>>>
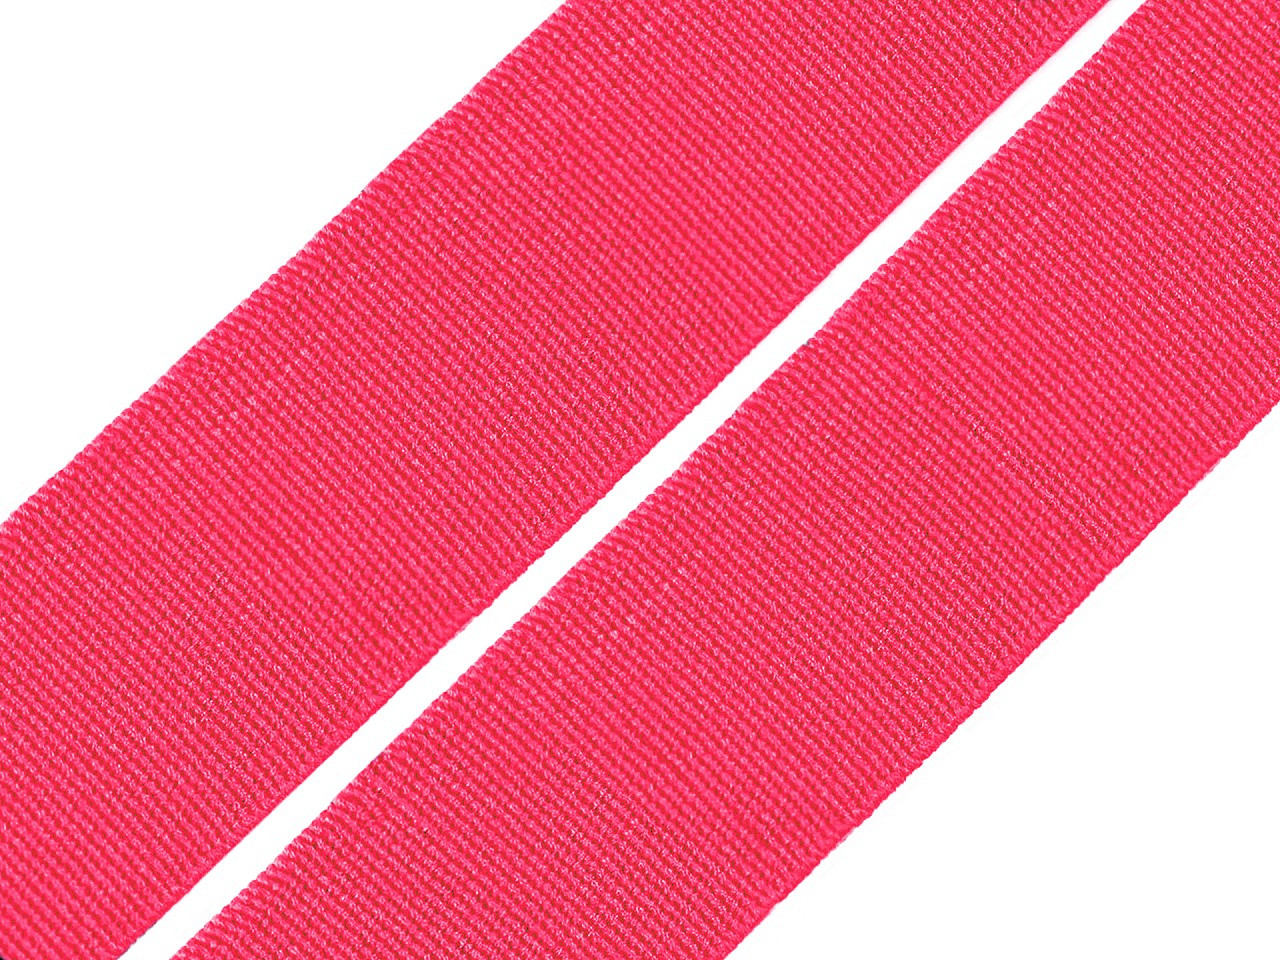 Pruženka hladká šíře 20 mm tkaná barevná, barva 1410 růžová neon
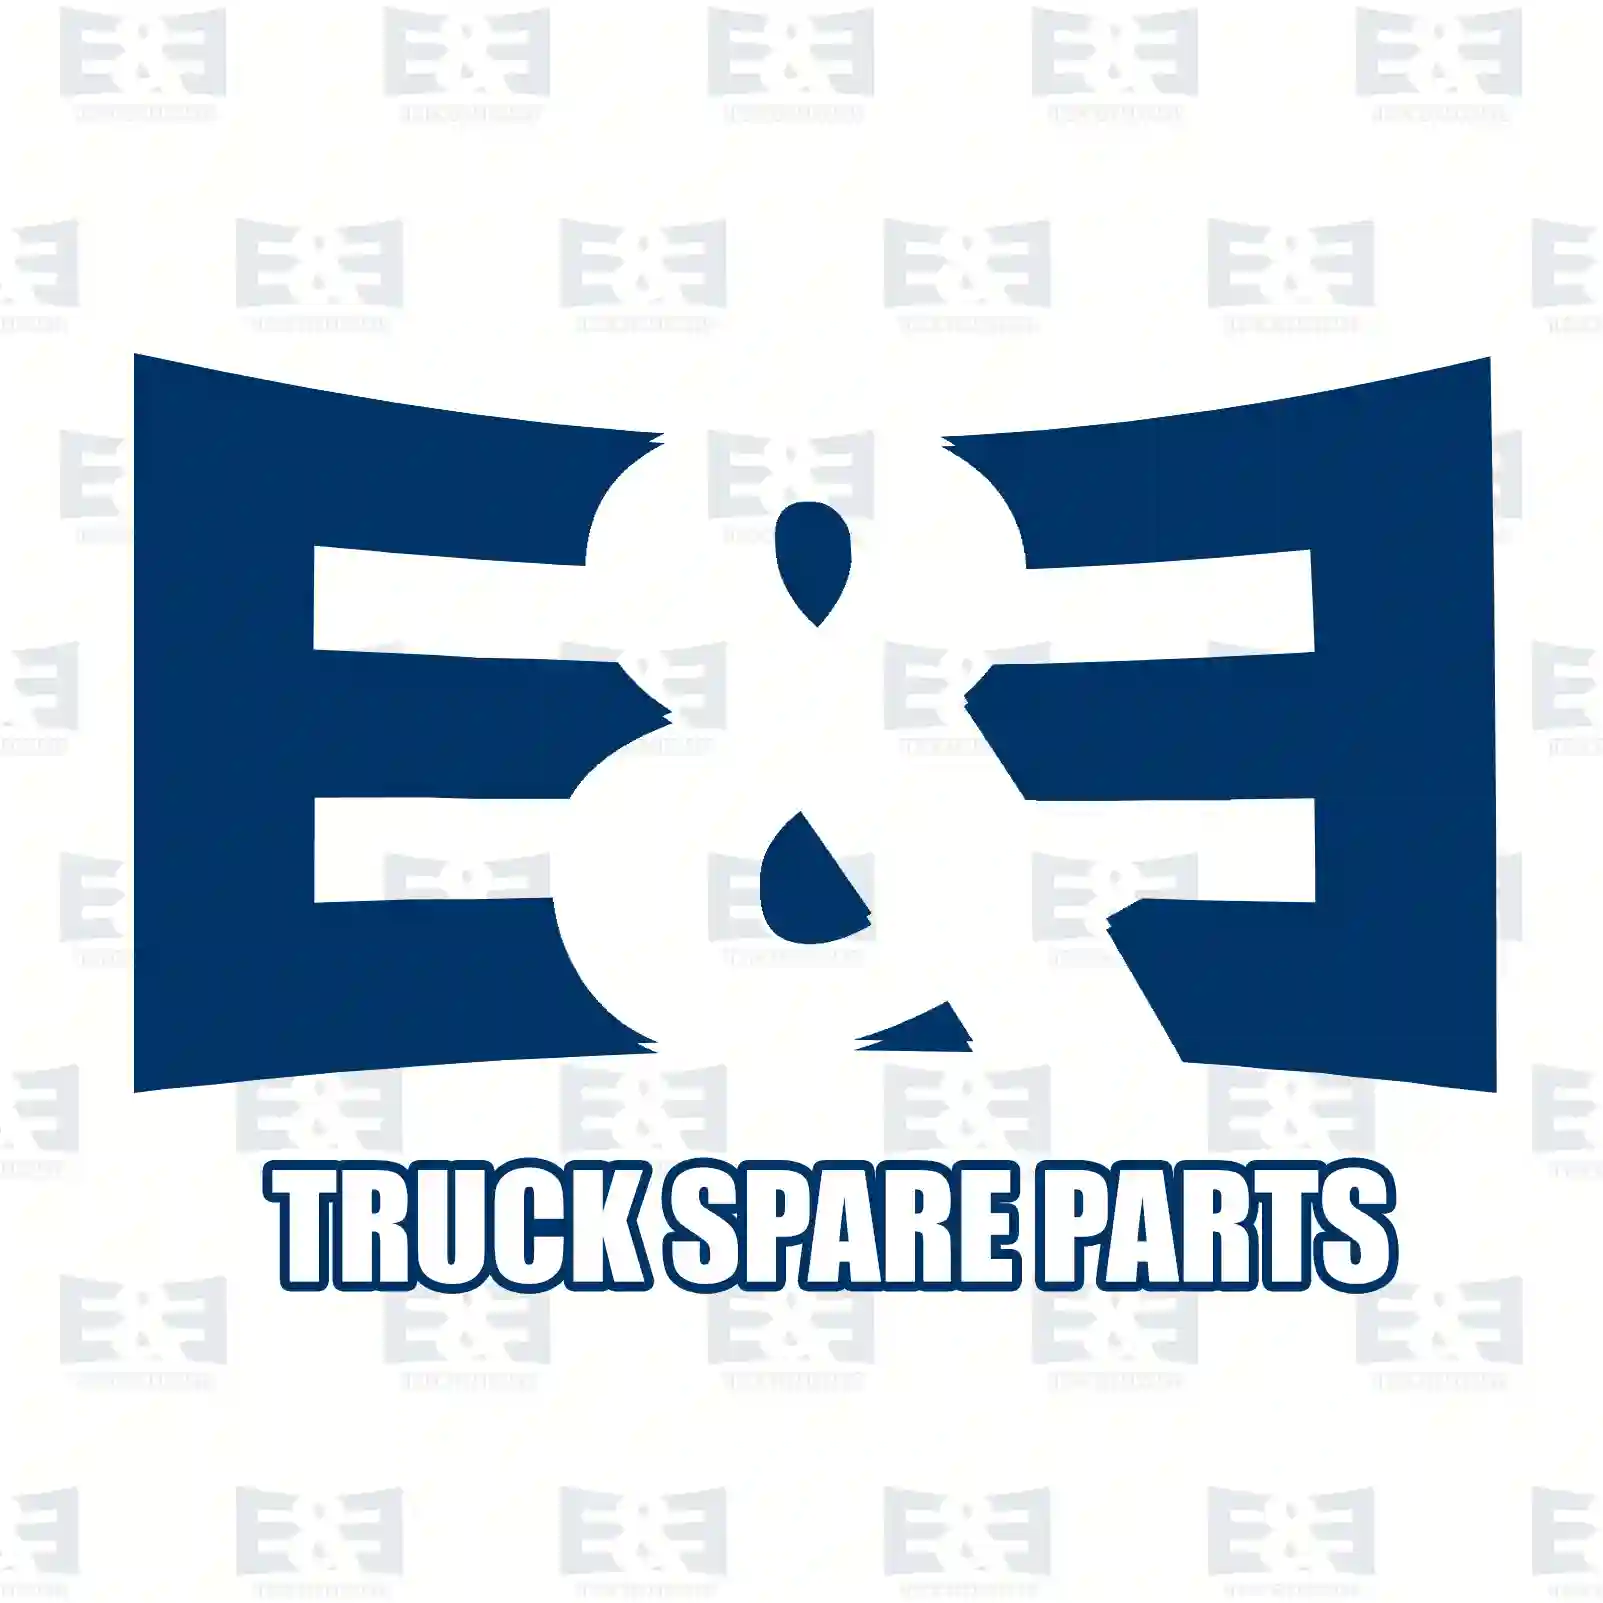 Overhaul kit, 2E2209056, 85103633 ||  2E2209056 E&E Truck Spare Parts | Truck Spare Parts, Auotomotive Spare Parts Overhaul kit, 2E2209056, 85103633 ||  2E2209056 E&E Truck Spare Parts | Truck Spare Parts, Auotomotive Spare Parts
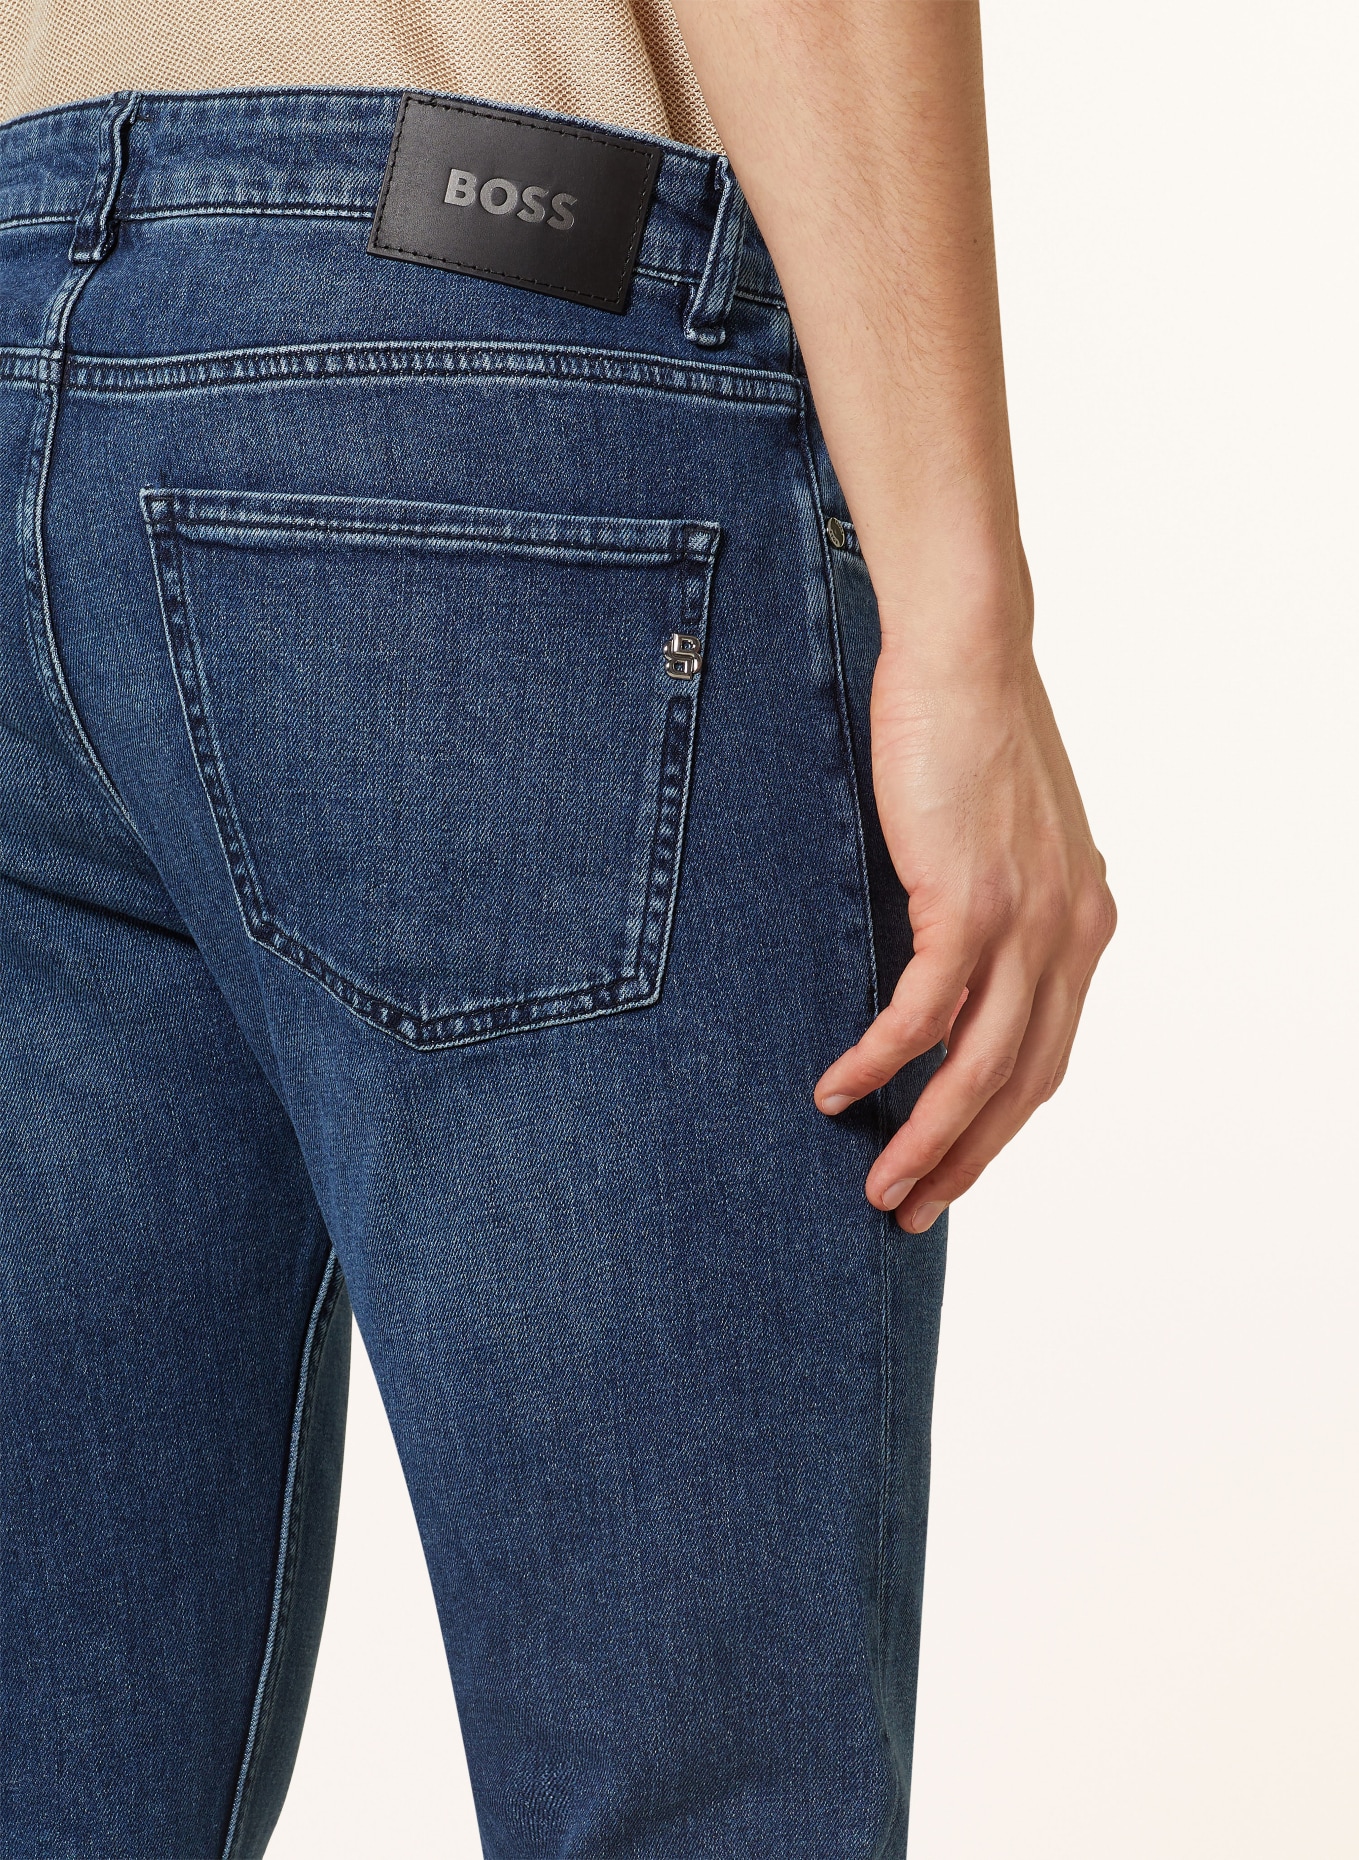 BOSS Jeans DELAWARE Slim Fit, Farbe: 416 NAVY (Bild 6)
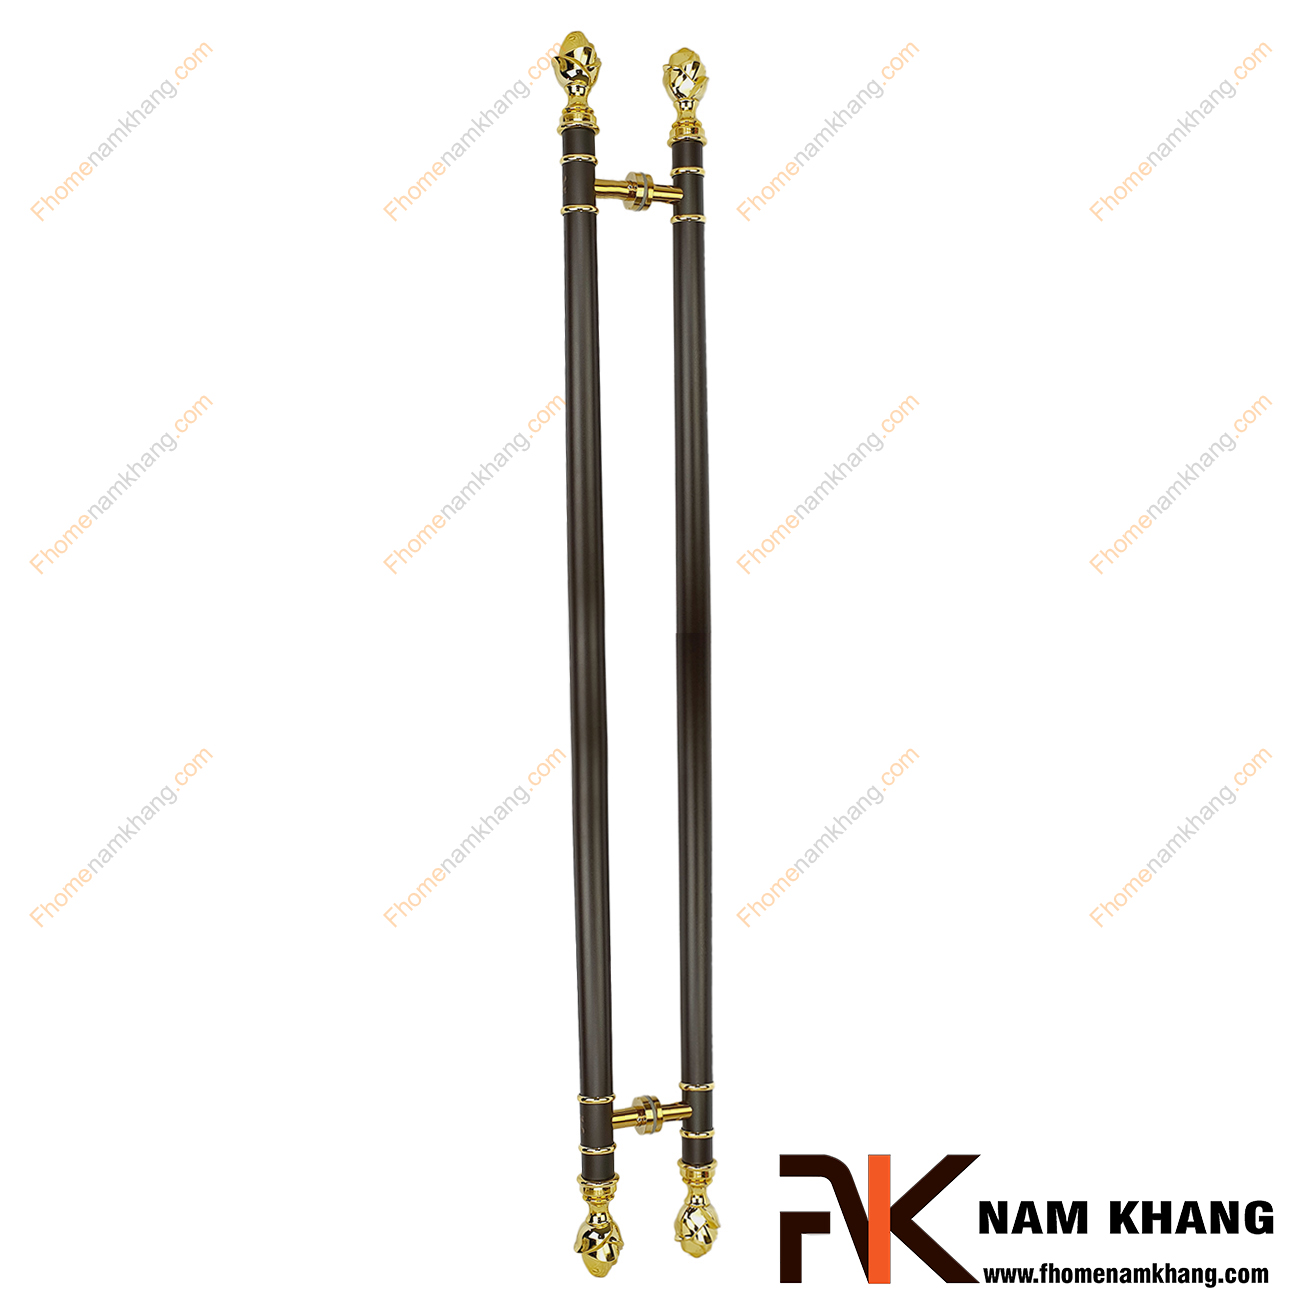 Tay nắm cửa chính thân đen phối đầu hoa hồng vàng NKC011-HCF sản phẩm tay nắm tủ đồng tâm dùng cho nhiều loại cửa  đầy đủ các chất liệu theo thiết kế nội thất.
<<<
:: WORK ORDER ::
Without the pictures, repeat every line of the material above exactly.

:: RESULT ::
 Pruženka hladká šíře 20 mm tkaná barevná, barva 1410 růžová neon
 Overhaul kit, 2E2209056, 85103633 ||  2E2209056 E&E Truck Spare Parts | Truck Spare Parts, Auotomotive Spare Parts Overhaul kit, 2E2209056, 85103633 ||  2E2209056 E&E Truck Spare Parts | Truck Spare Parts, Auotomotive Spare Parts
 BOSS Jeans DELAWARE Slim Fit, Farbe: 416 NAVY (Bild 6)
 Tay nắm cửa chính thân đen phối đầu hoa hồng vàng NKC011-HCF sản phẩm tay nắm tủ đồng tâm dùng cho nhiều loại cửa  đầy đủ các chất liệu theo thiết kế nội thất.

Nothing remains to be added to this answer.